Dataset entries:
┌──
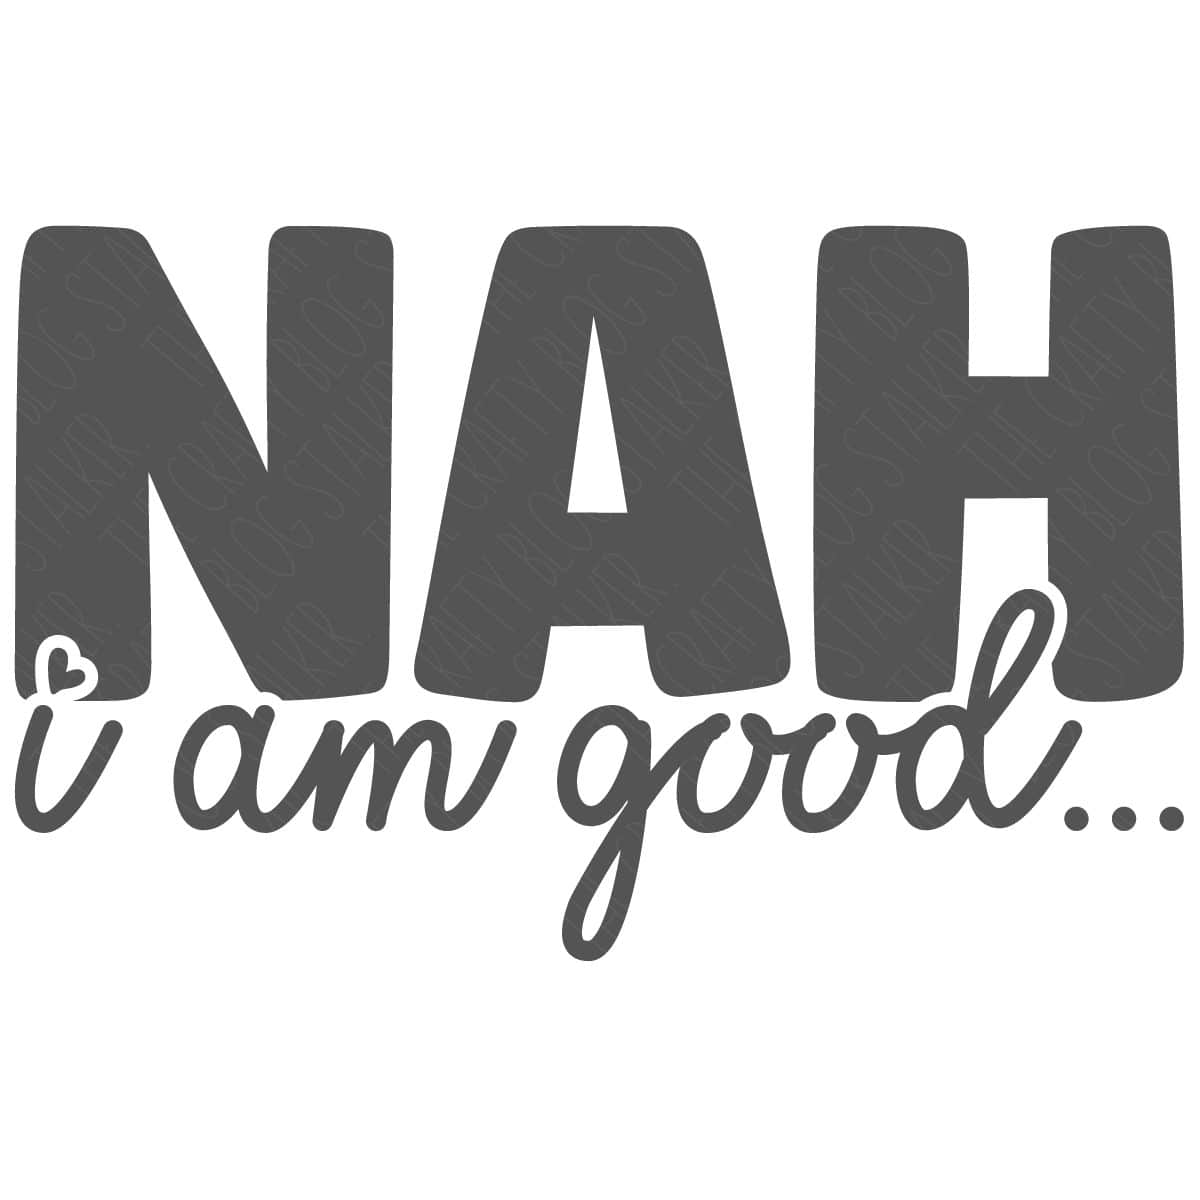 Nah I am Good SVG Cut File	

			
		
	

		
			$3.00 – Buy Now Checkout
							
					
						
							
						
						Added to cart
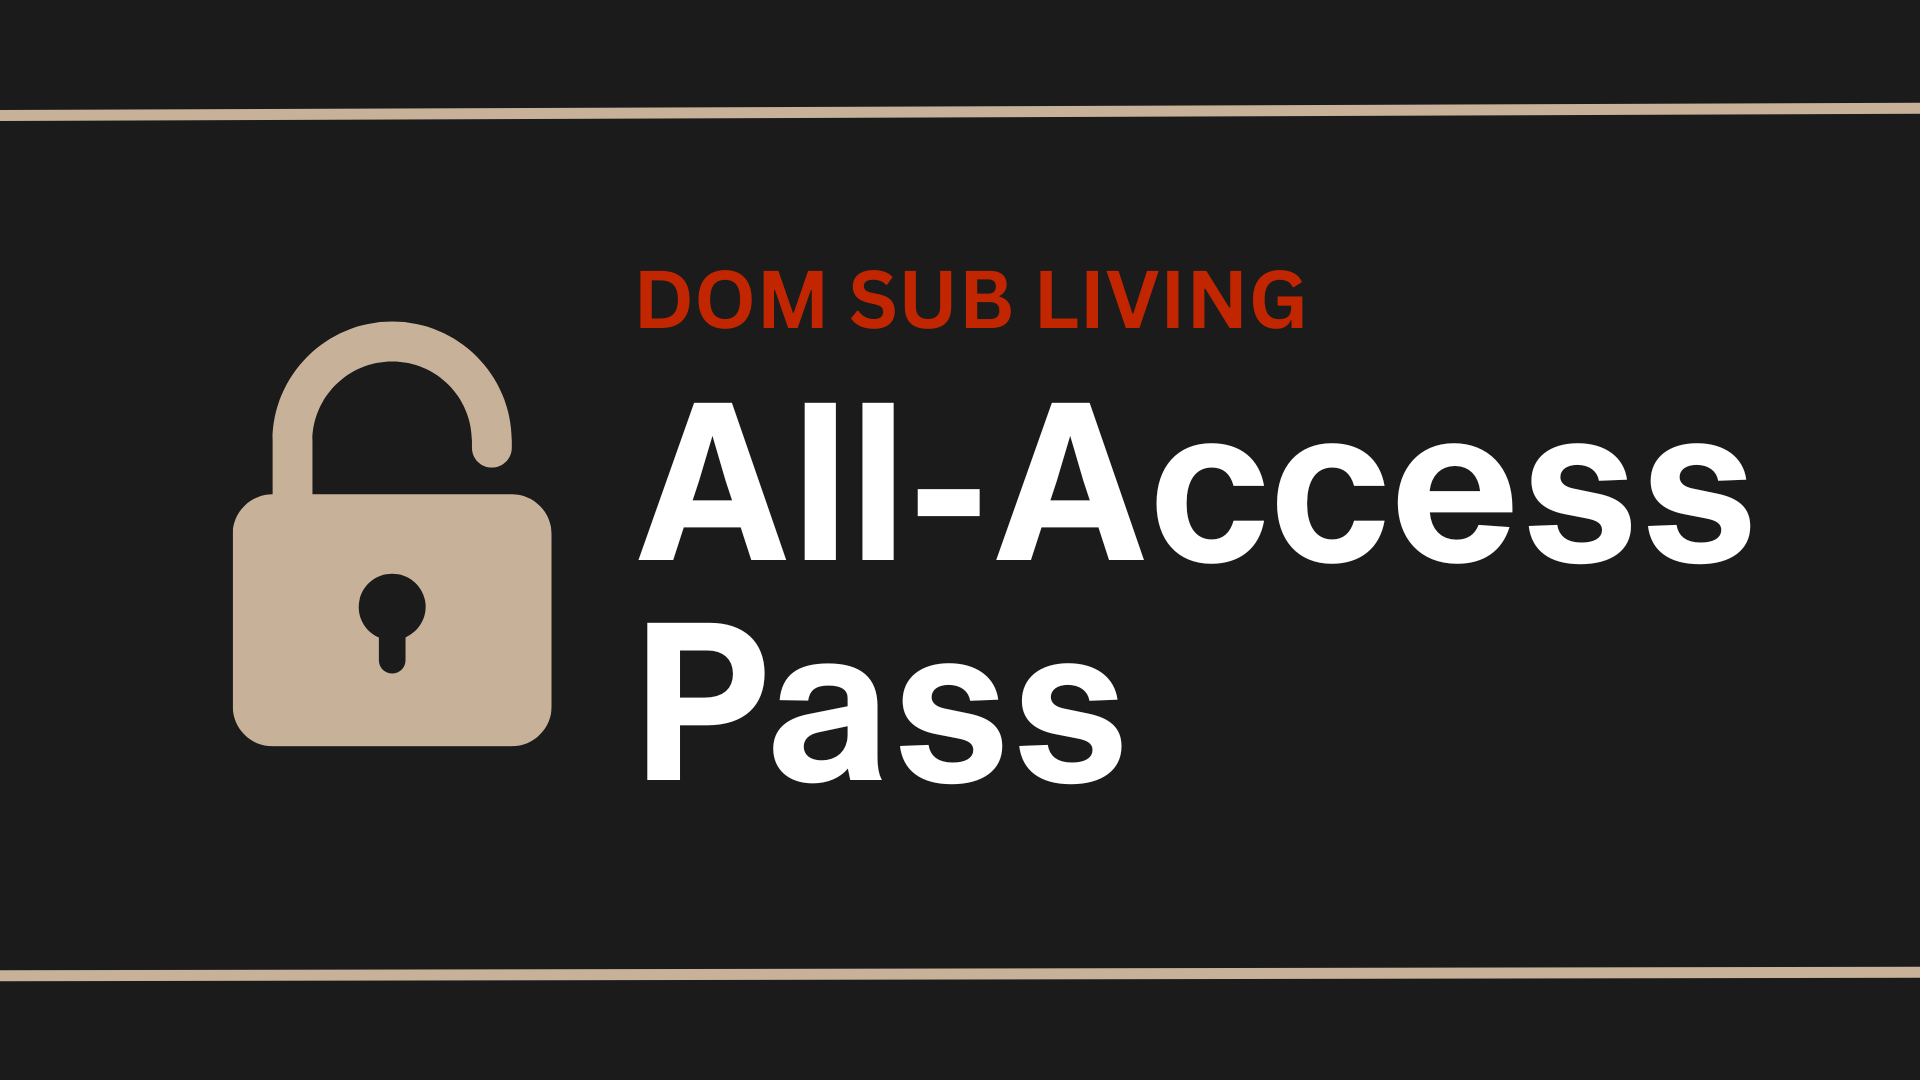 Get access to all our BDSM courses with our All-Access BDSM Program

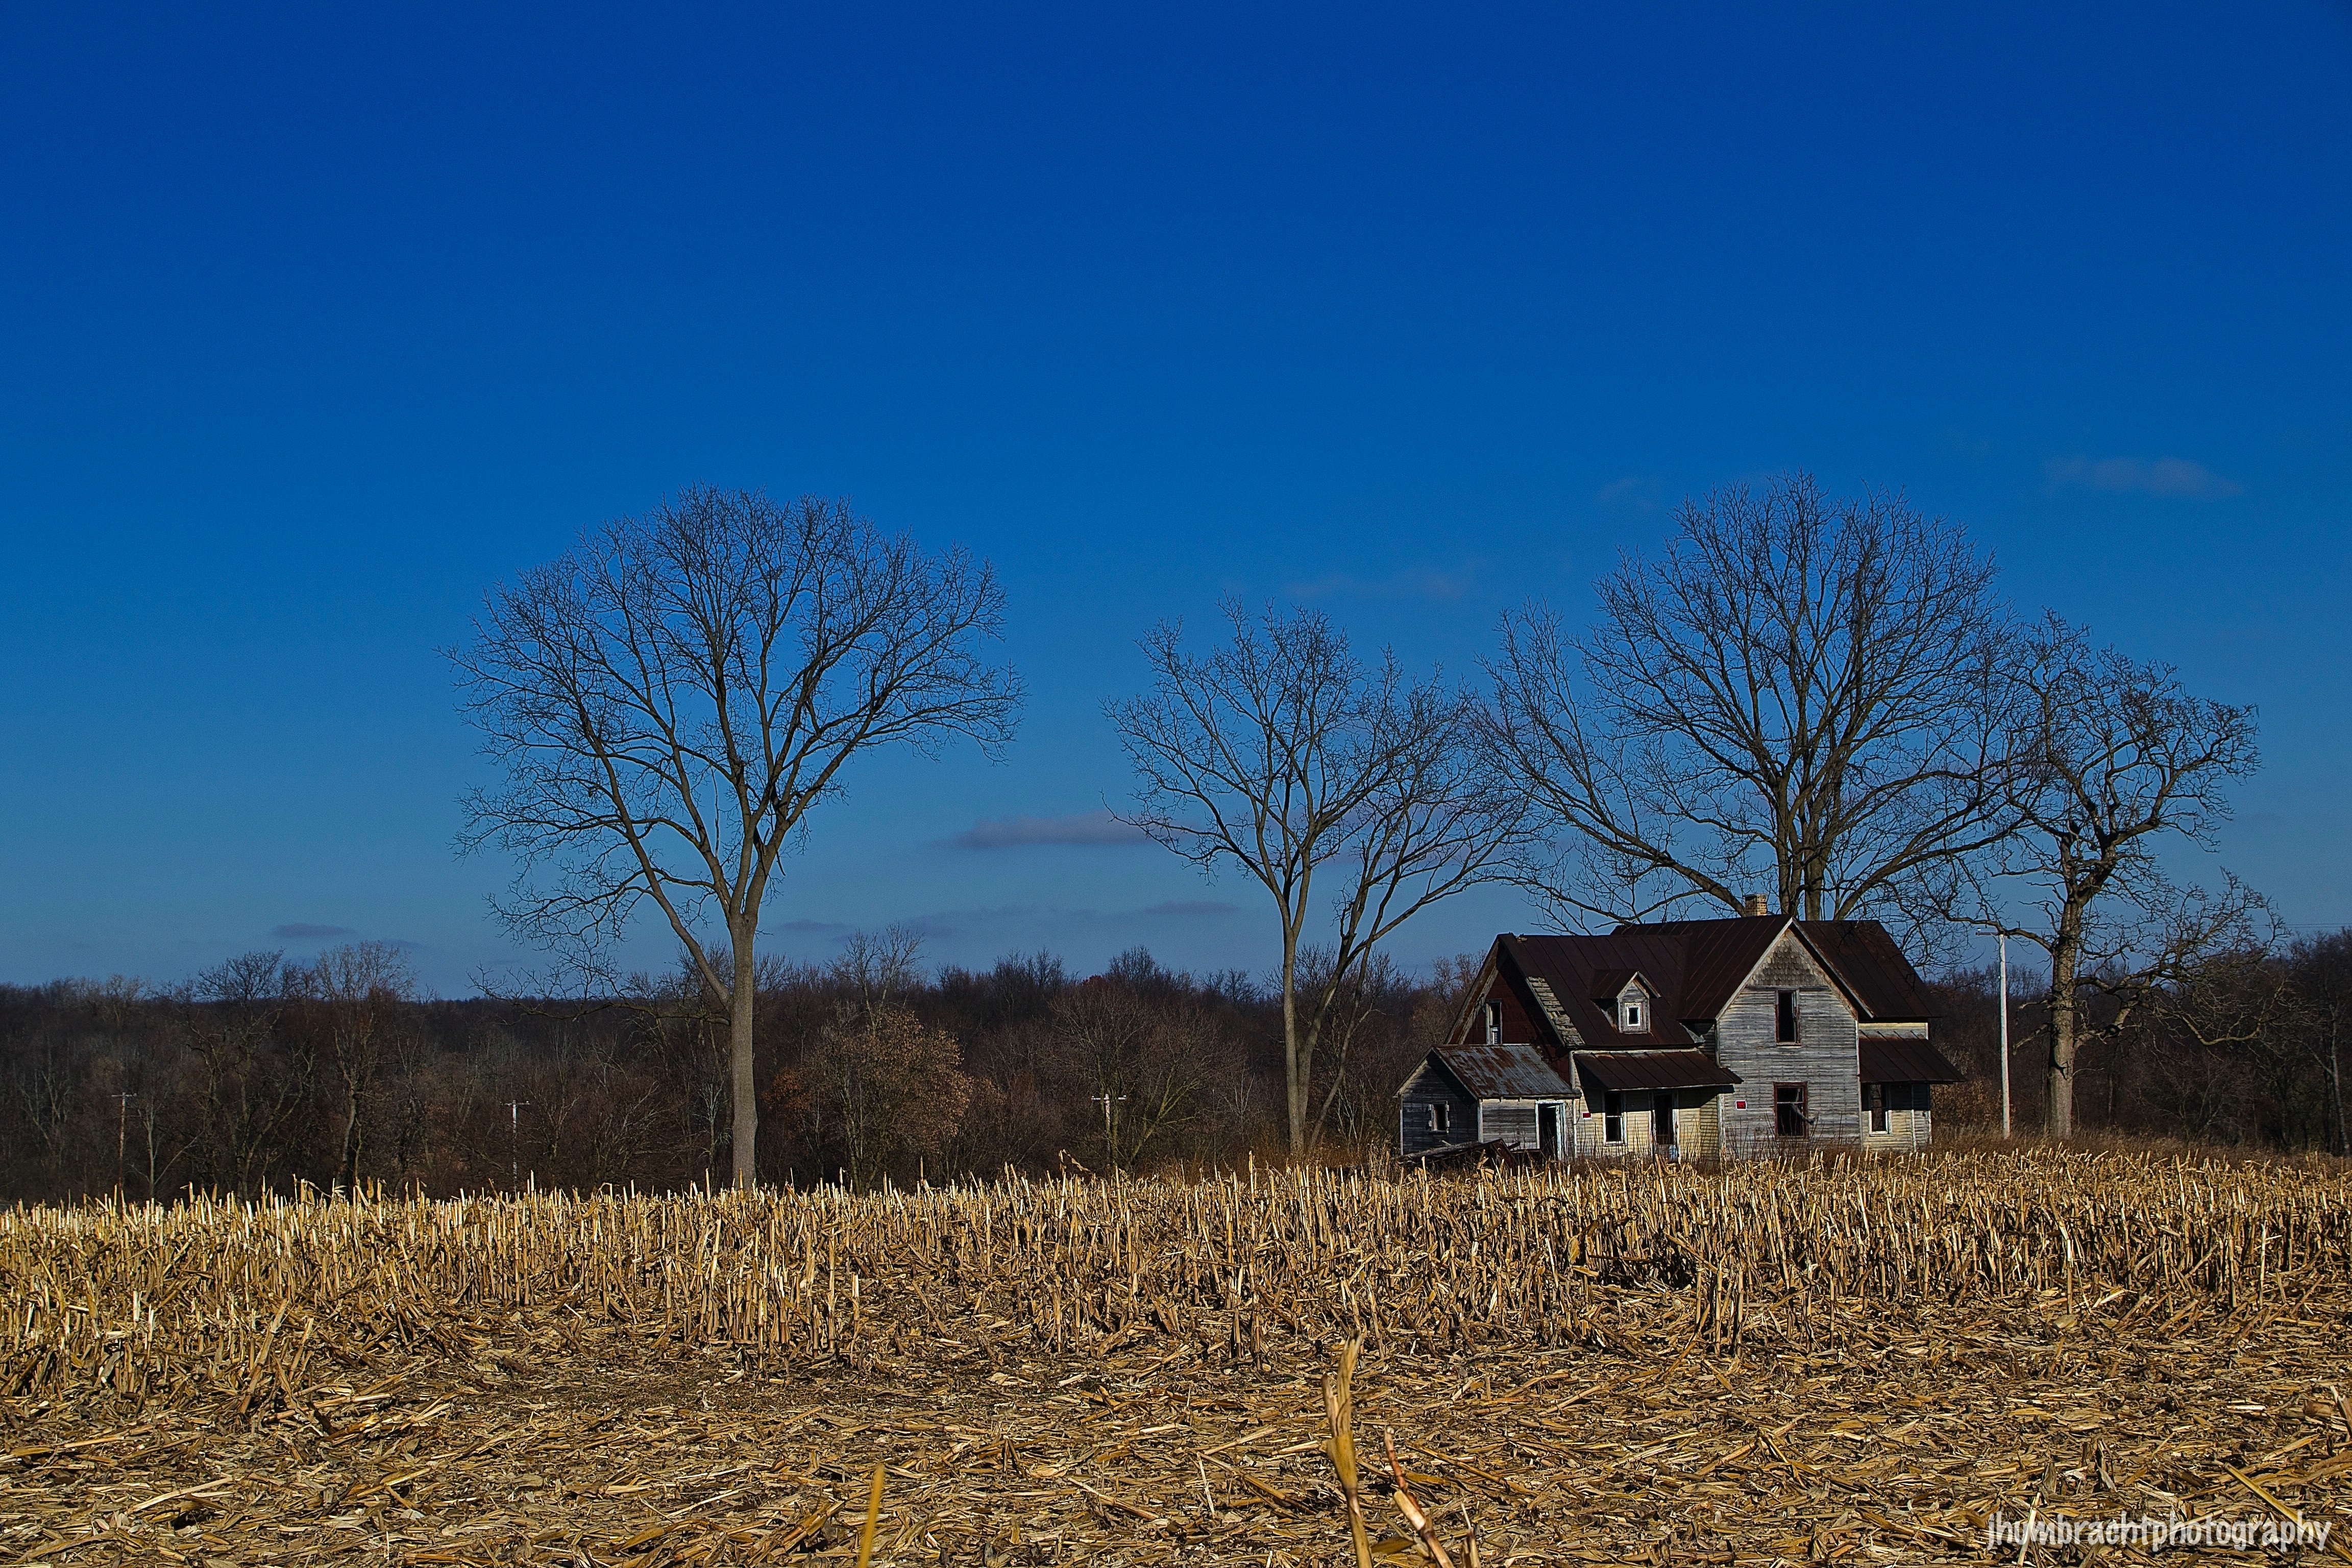 Farmhouse | Michigan Countryside | Image By Indiana Architectural Photographer Jason Humbracht
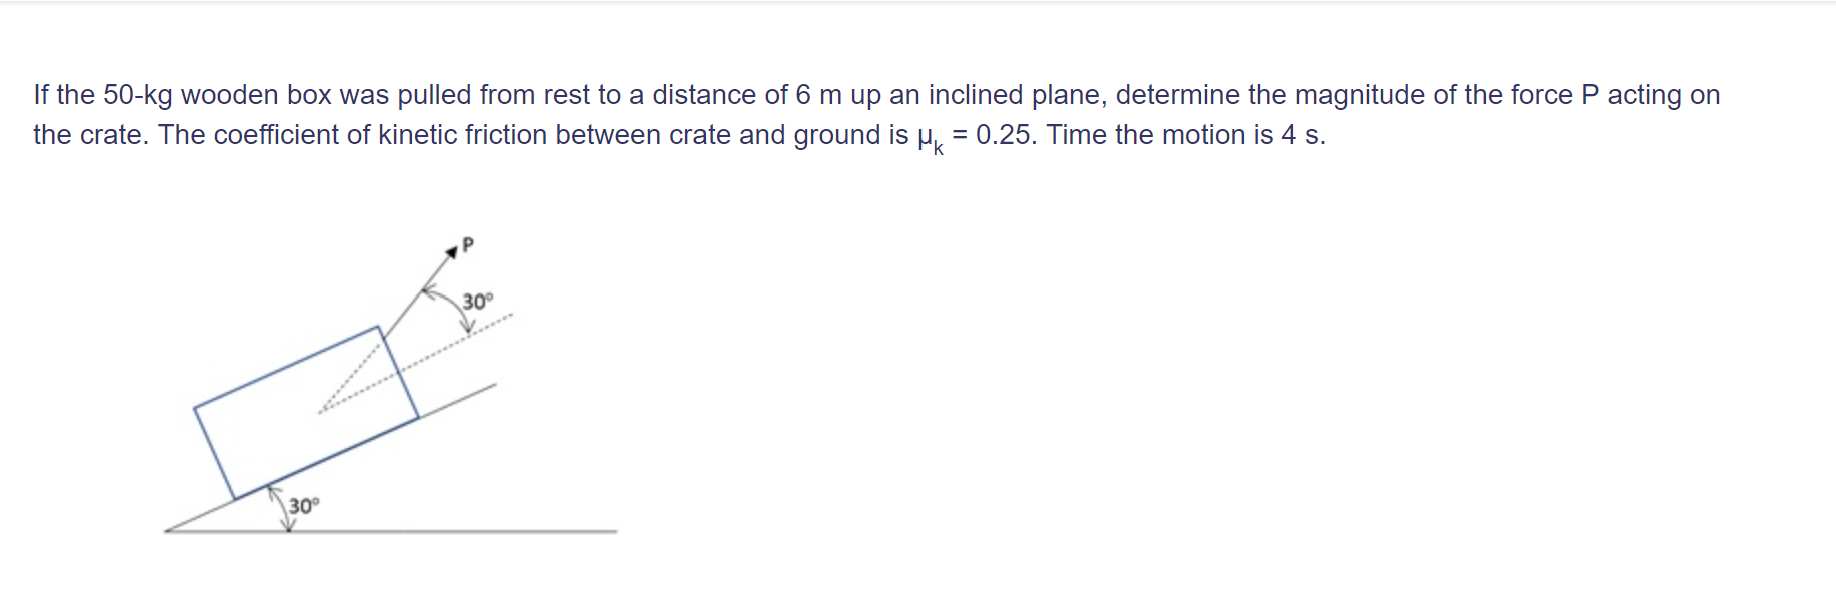 If the 50-kg wooden box was pulled from rest to a distance of 6 m up an inclined plane, determine the magnitude of the force P acting on
the crate. The coefficient of kinetic friction between crate and ground is µ, = 0.25. Time the motion is 4 s.
%3D
30°
30°
└──
PROBLEM DETAILS
Line by line, write out the records above exactly, skipping the pictures.

TASK RESPONSE
 Nah I am Good SVG Cut File	

			
		
	

		
			$3.00 – Buy Now Checkout
							
					
						
							
						
						Added to cart
 Get access to all our BDSM courses with our All-Access BDSM Program

 Farmhouse | Michigan Countryside | Image By Indiana Architectural Photographer Jason Humbracht
 If the 50-kg wooden box was pulled from rest to a distance of 6 m up an inclined plane, determine the magnitude of the force P acting on
the crate. The coefficient of kinetic friction between crate and ground is µ, = 0.25. Time the motion is 4 s.
%3D
30°
30°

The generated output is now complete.